= Sue Dougan =

Northern Irish afternoon presenter

Susan Dougan (born 29 October 1974, in London) is a Northern Irish afternoon presenter on Radio Cambridgeshire on weekday afternoons.

==Personal life==
Her father was from Northern Ireland and her mother was from Scotland. She grew up in West Belfast during the Troubles in a Catholic household from May 1981. In Belfast she joined the Belfast Community Circus and trained with the Ulster Youth Theatre. In her early teens she had a crush on Phillip Schofield, which awakened her interest in entering the world of media. She studied at the University of Manchester.

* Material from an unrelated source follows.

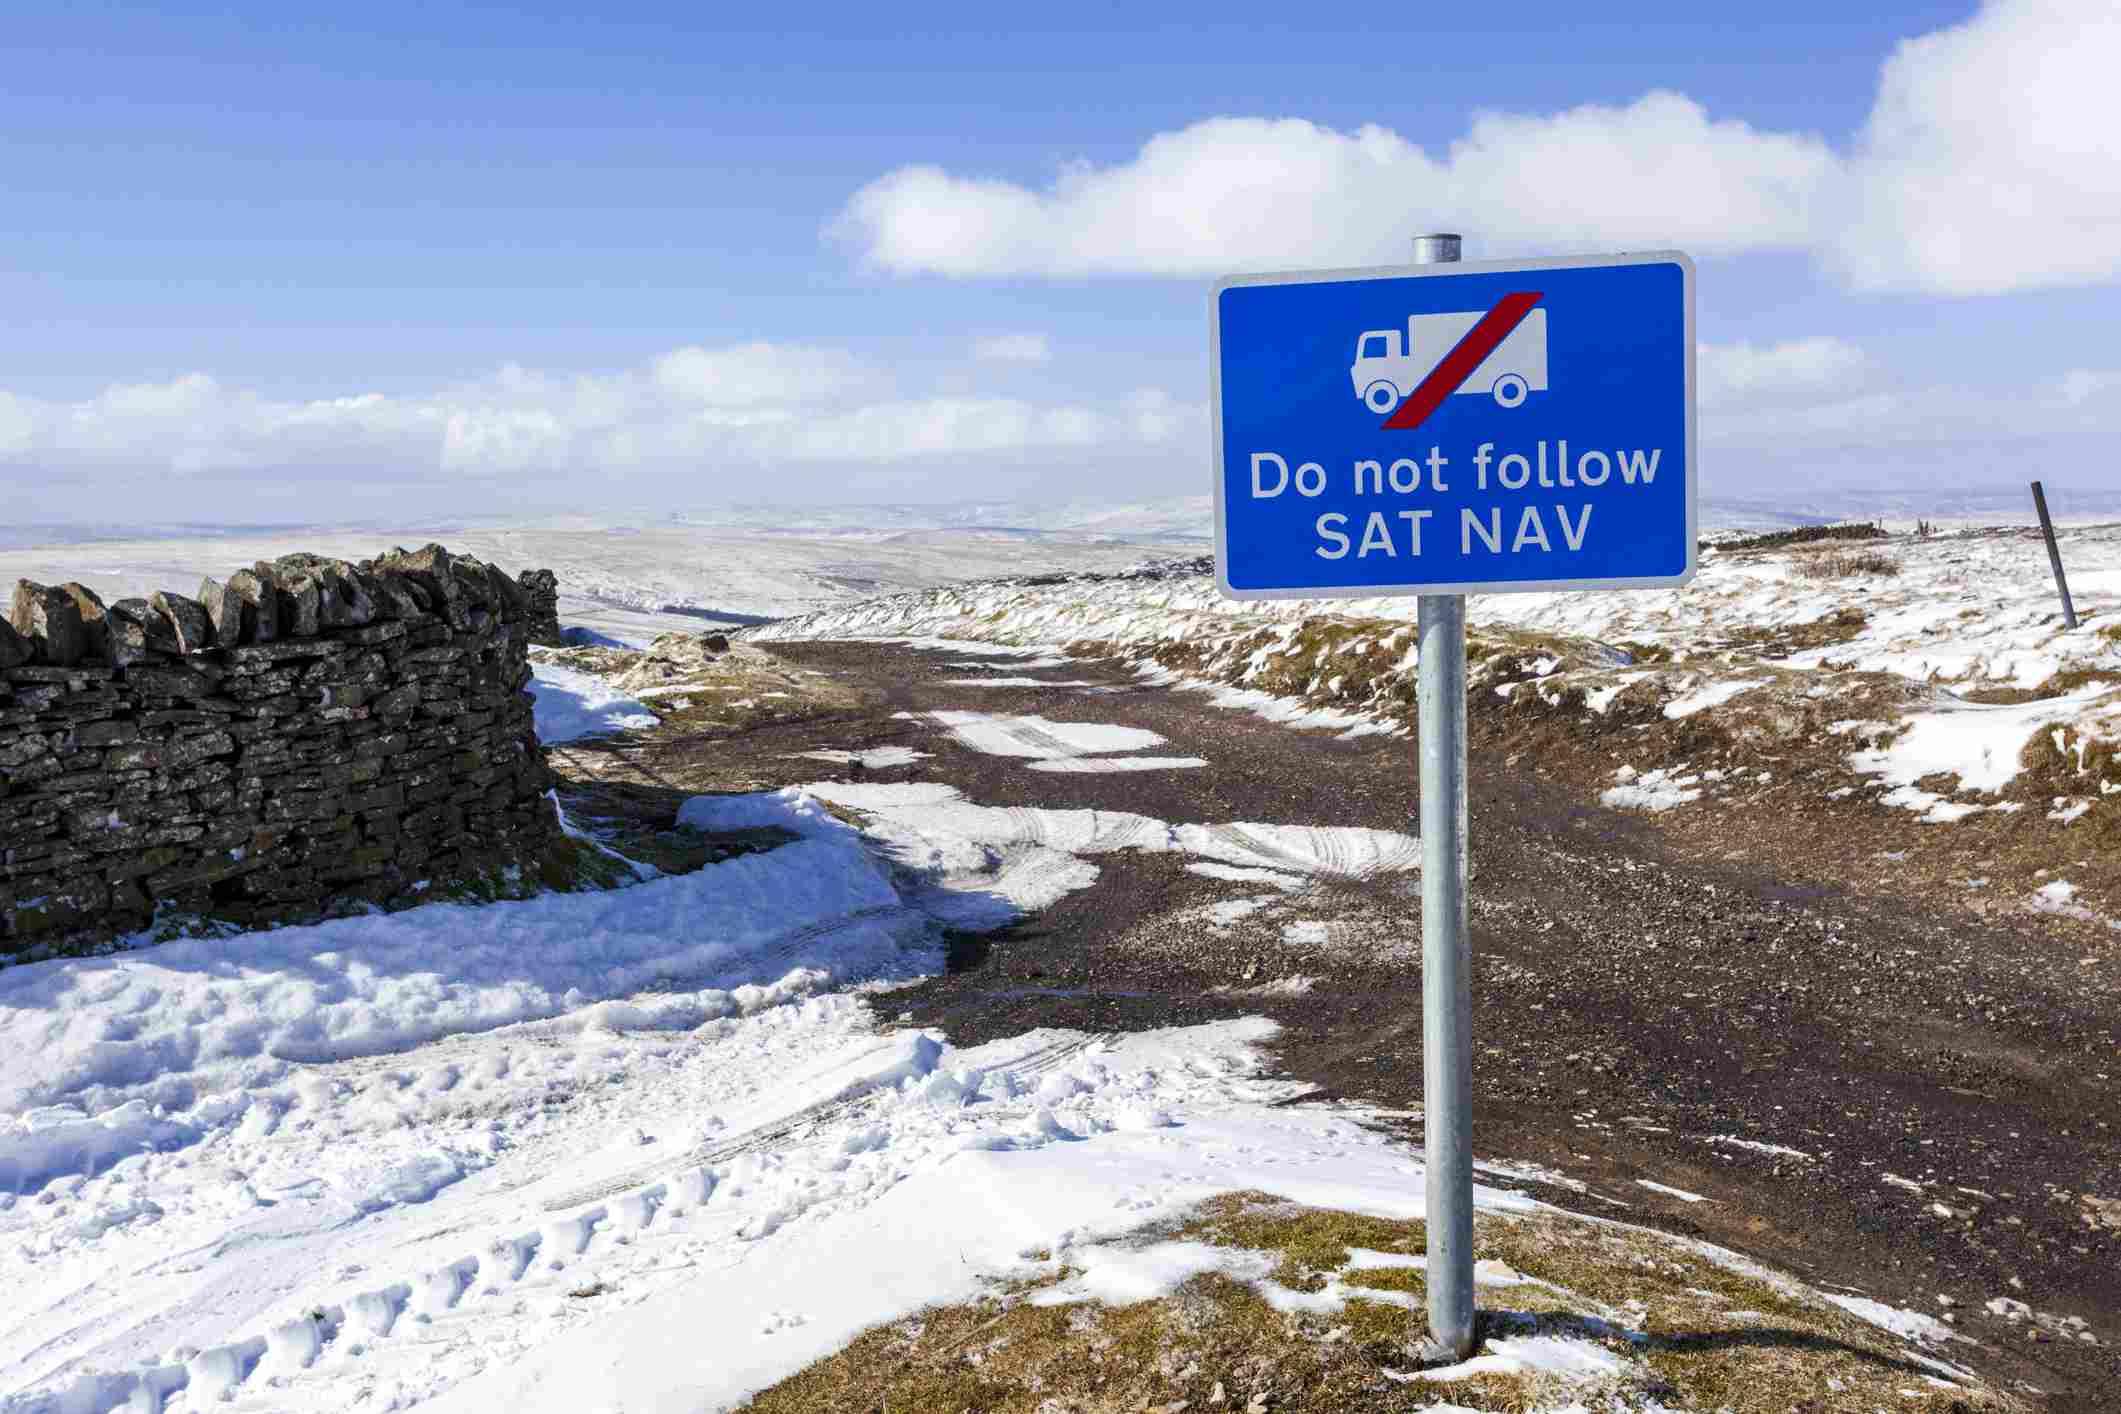 do not follow sat nav
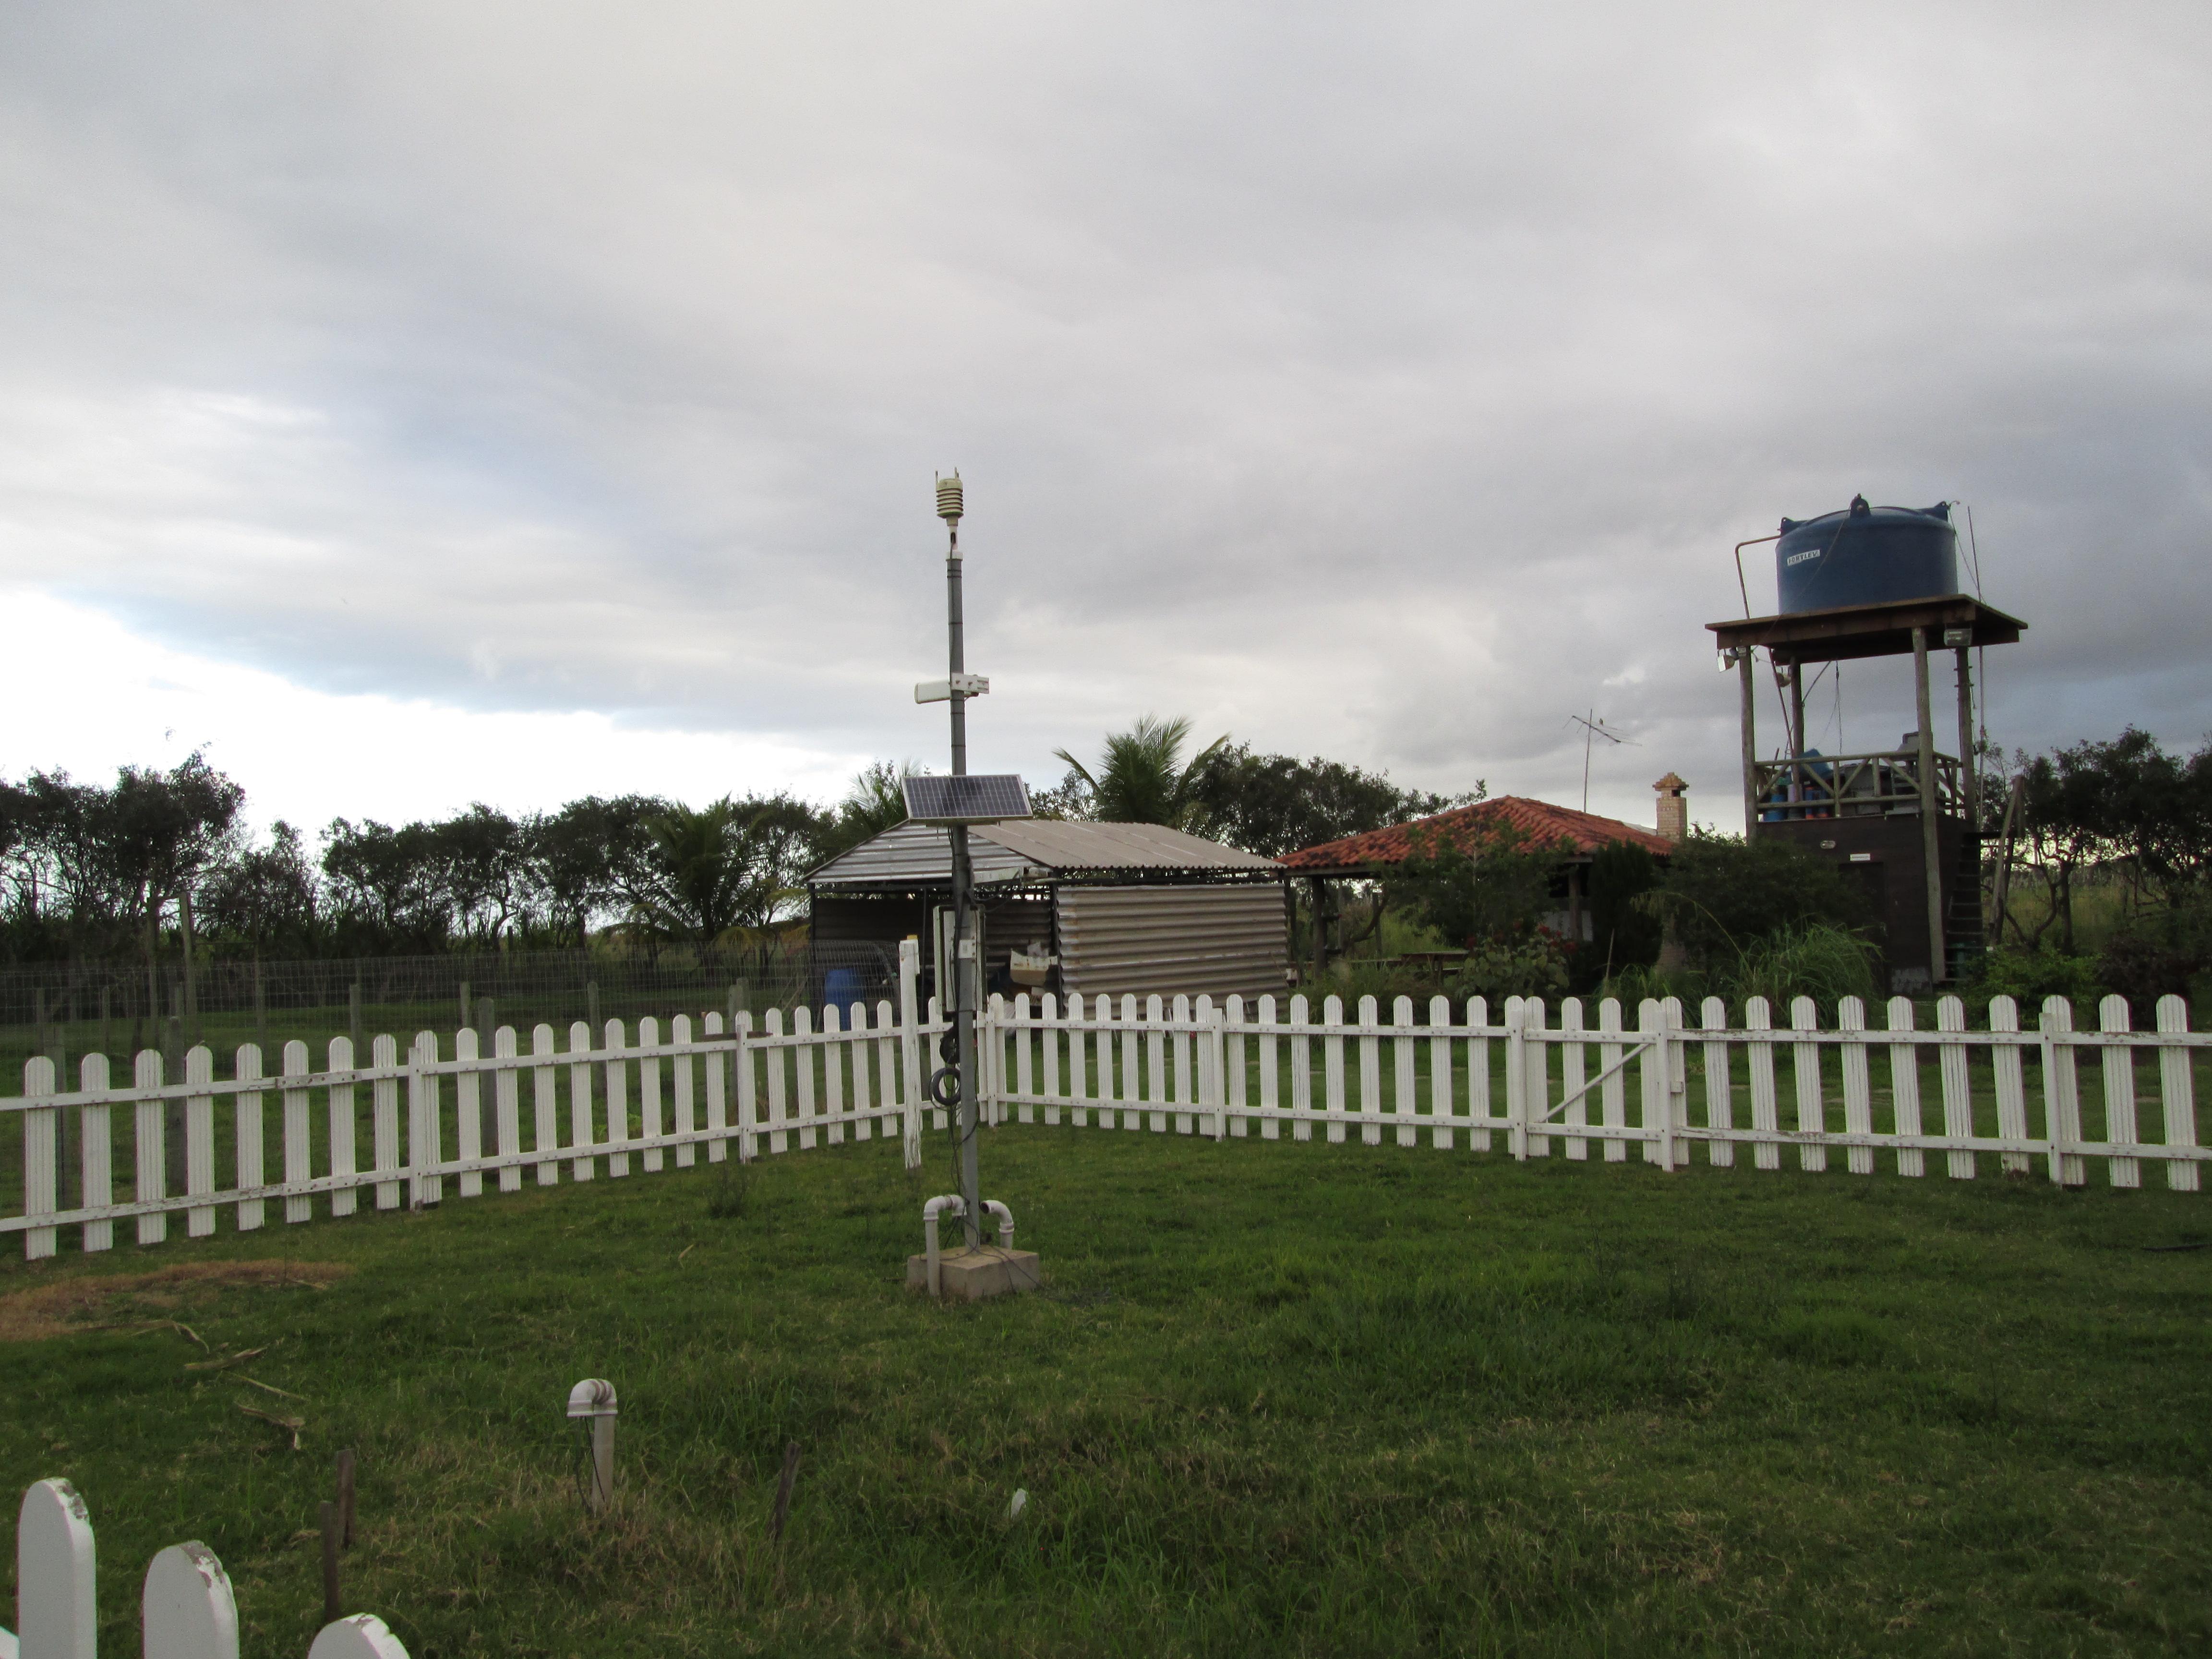 Estação meteorológica automática

She lived in Kent from 2000-5 in Sevenoaks and then Lenham. She met her husband in 2002 on a Sunday morning at Leeds Castle (where he was the special events manager) whilst presenting an outside broadcast. They married in 2005 in Lincoln Cathedral. She enjoys gardening and looking after her three cats in Hertfordshire. In 2011 she had her first child, a boy, and has since taken time out.

==Broadcasting career==
She presented an hour and half programme on the Radio Royal radio station at the Royal Victoria Hospital in Belfast at the age of 15. At 16, she worked as a presenter on Radio Top Shop in Belfast. At university she worked at Cool FM in Newtownards. After university, she worked at the commercial radio station Rock FM in Preston, Lancashire, then other commercial stations including Radio Mercury and Southern FM.

===BBC===
She worked at BBC local radio stations in Lancashire, Northampton (joining in 2000 when living in Sevenoaks) and Sussex. From 2001, she began presenting a three-hour Sunday gardening show. From 2002 to 2005, she was the main evening presenter for BBC local radio in the BBC South area, based at Radio Kent. She joined Radio Cambridgeshire on 9 May 2005 for a three-hour programme from 1 pm. Until 2006, she also drove to Kent every Sunday to present a gardening programme. From 8 April 2007, she presented a two-hour gardening phone-in programme on Sunday mornings from 10 am, which finished on 20 December 2009, when Catherine Carr took over. In early 2008 her weekday programme moved to 12.30 – 4 pm, and on 15 November 2010 it moved to noon to 3 pm. This slot is now filled by Jeremy Sallis. Sue does appear on air as a stand in presenter and continues to work at BBC Radio Cambridgeshire.